→ **Exercise data**
※ ※ ※

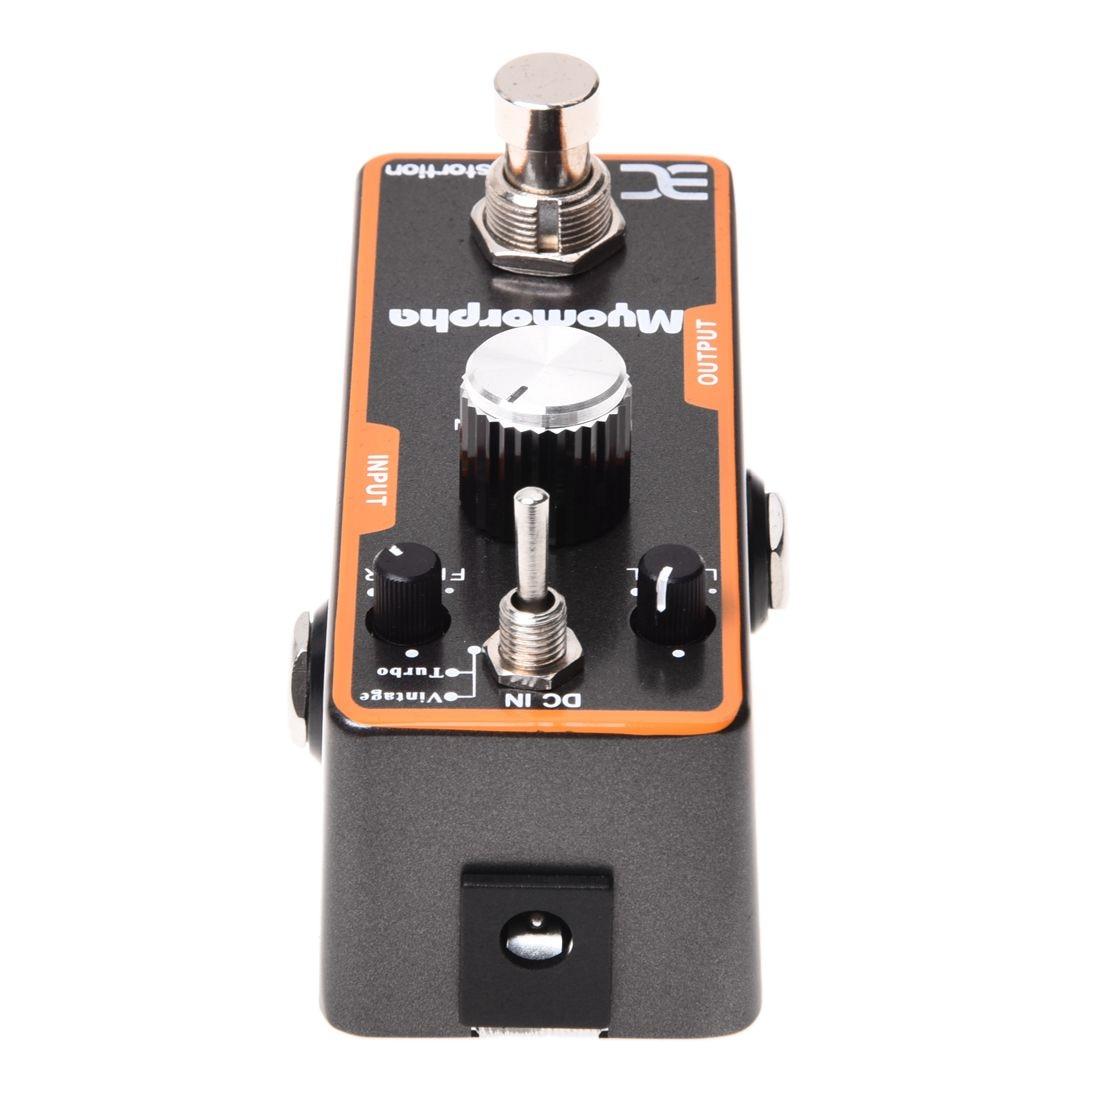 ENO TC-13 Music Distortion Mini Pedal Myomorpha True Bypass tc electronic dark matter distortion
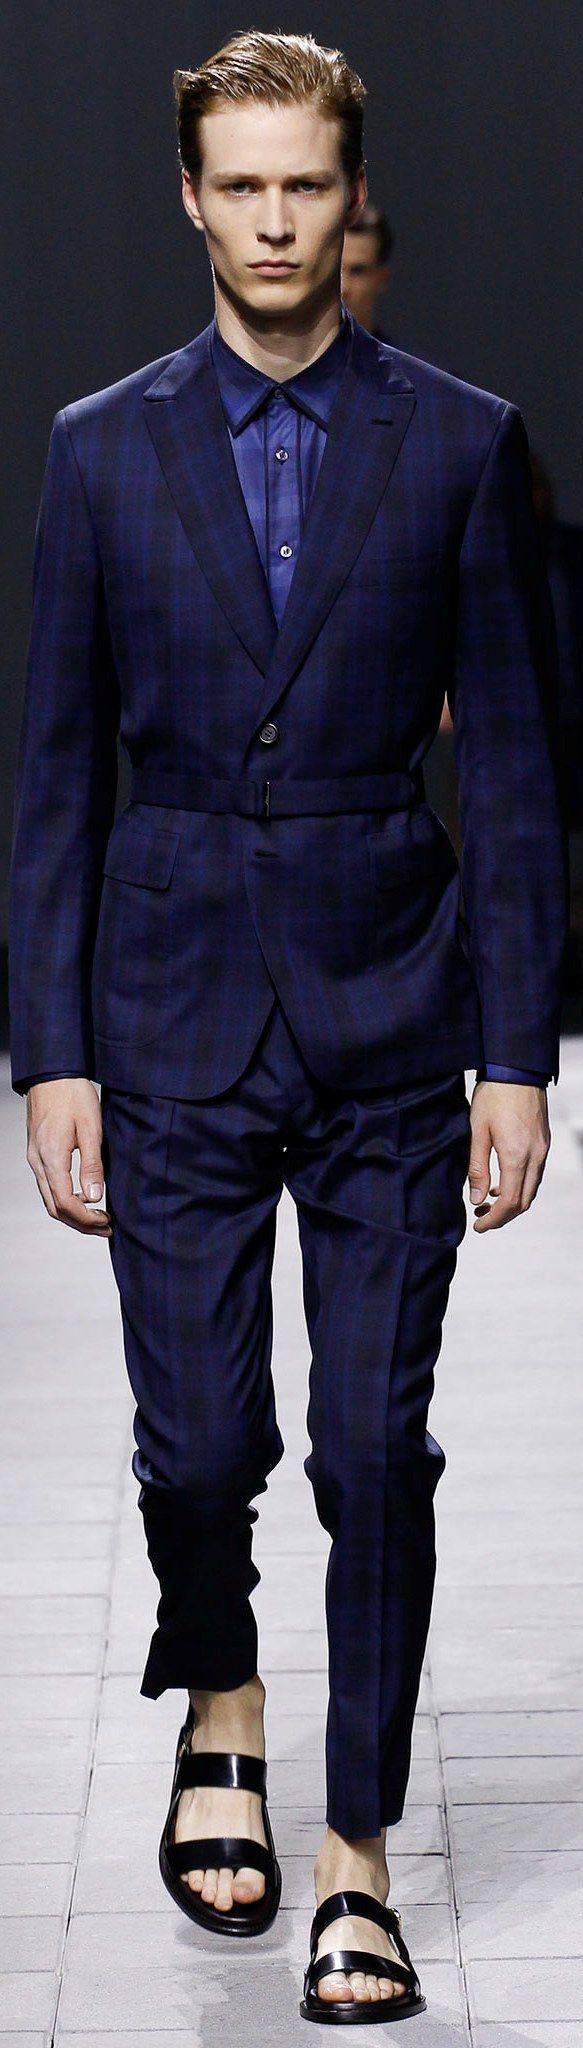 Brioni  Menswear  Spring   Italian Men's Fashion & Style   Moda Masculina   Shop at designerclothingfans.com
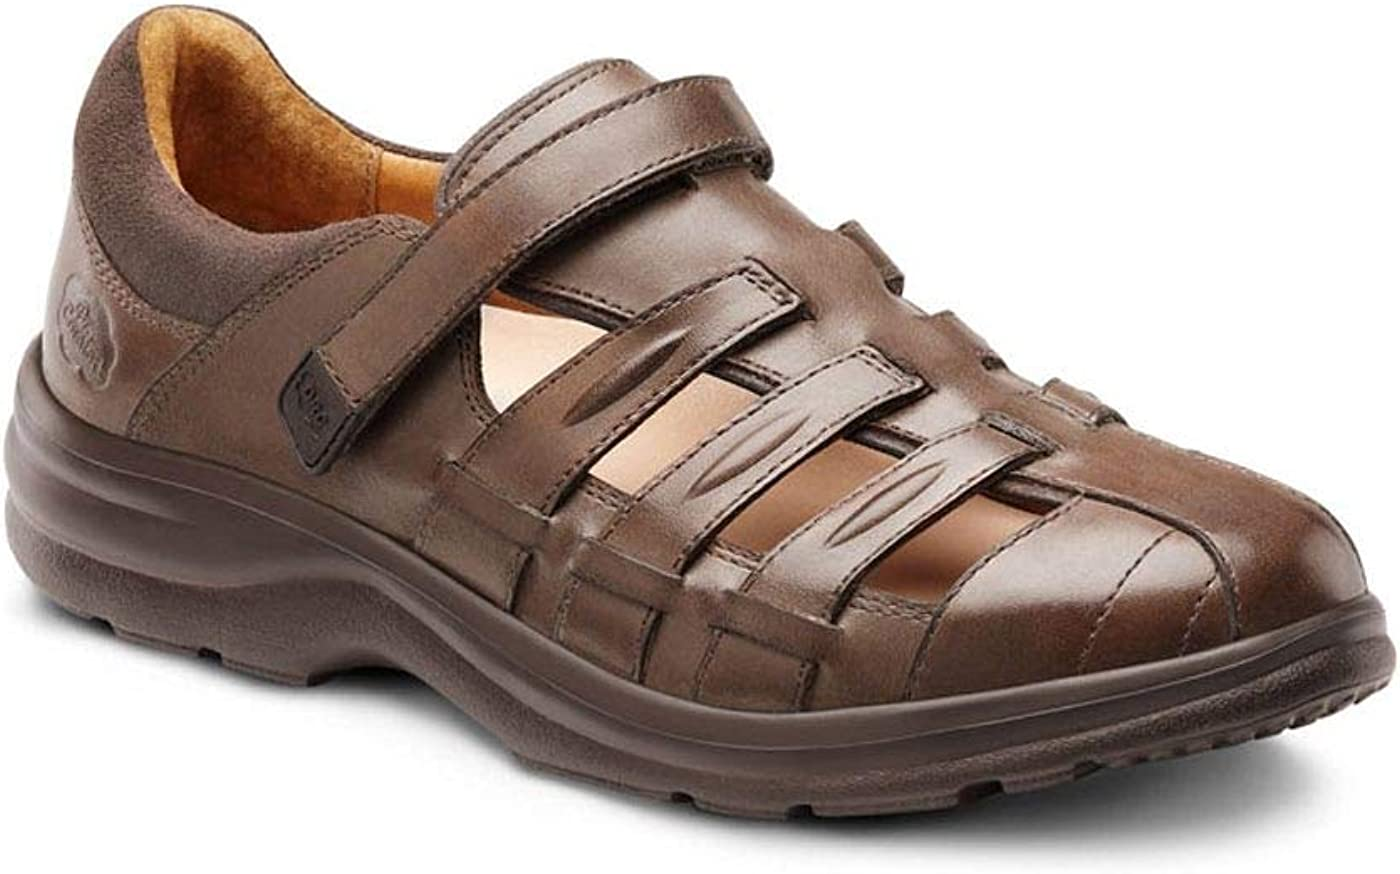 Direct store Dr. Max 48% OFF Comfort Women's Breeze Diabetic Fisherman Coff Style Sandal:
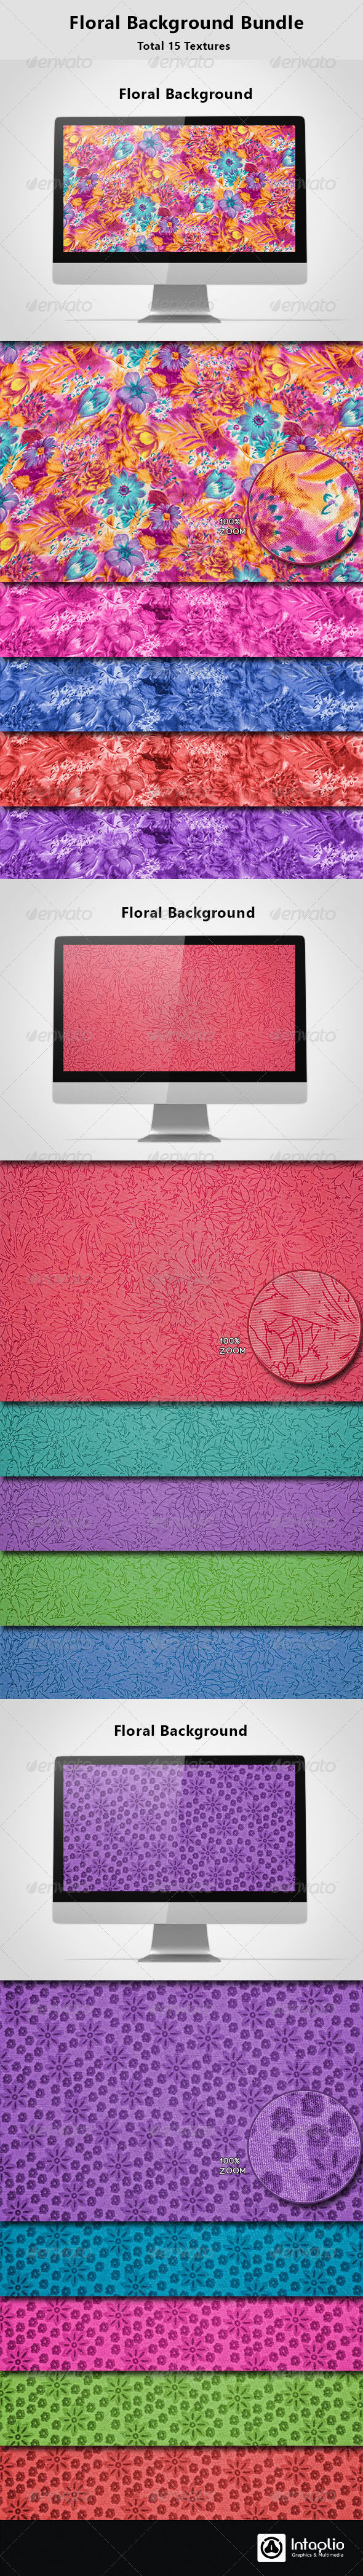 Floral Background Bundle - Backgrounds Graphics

※ ※ ※

→ **Problem description**
Would it be possible to give the material above again exactly, with the pictures left out?

→ **Answer section**
 ENO TC-13 Music Distortion Mini Pedal Myomorpha True Bypass tc electronic dark matter distortion
 Brioni  Menswear  Spring   Italian Men's Fashion & Style   Moda Masculina   Shop at designerclothingfans.com
 Direct store Dr. Max 48% OFF Comfort Women's Breeze Diabetic Fisherman Coff Style Sandal:
 Floral Background Bundle - Backgrounds Graphics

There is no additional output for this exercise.